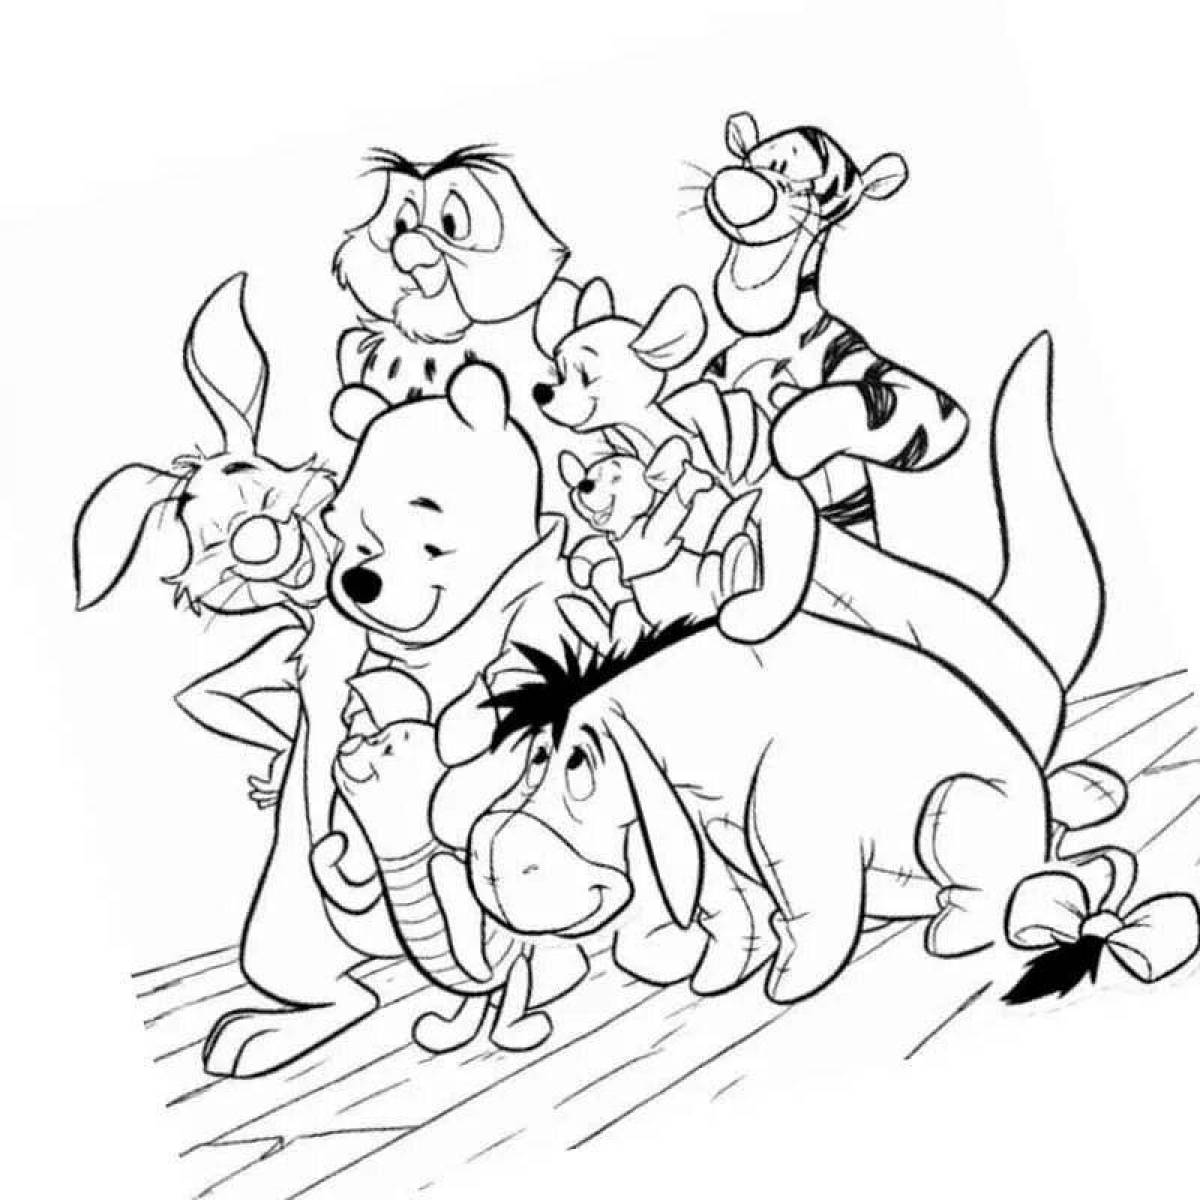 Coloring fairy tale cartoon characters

==

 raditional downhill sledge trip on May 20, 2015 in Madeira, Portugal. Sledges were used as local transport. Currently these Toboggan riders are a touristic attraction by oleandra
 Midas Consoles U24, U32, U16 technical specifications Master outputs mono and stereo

What is being asked:
Starting at the line that contains "raditional downhill sledge" and stopping after the line that contains "Midas Consoles U24, U32, U16", write out every line exactly as it appears above, and no other line.

Answer to the problem:
 raditional downhill sledge trip on May 20, 2015 in Madeira, Portugal. Sledges were used as local transport. Currently these Toboggan riders are a touristic attraction by oleandra
 Midas Consoles U24, U32, U16 technical specifications Master outputs mono and stereo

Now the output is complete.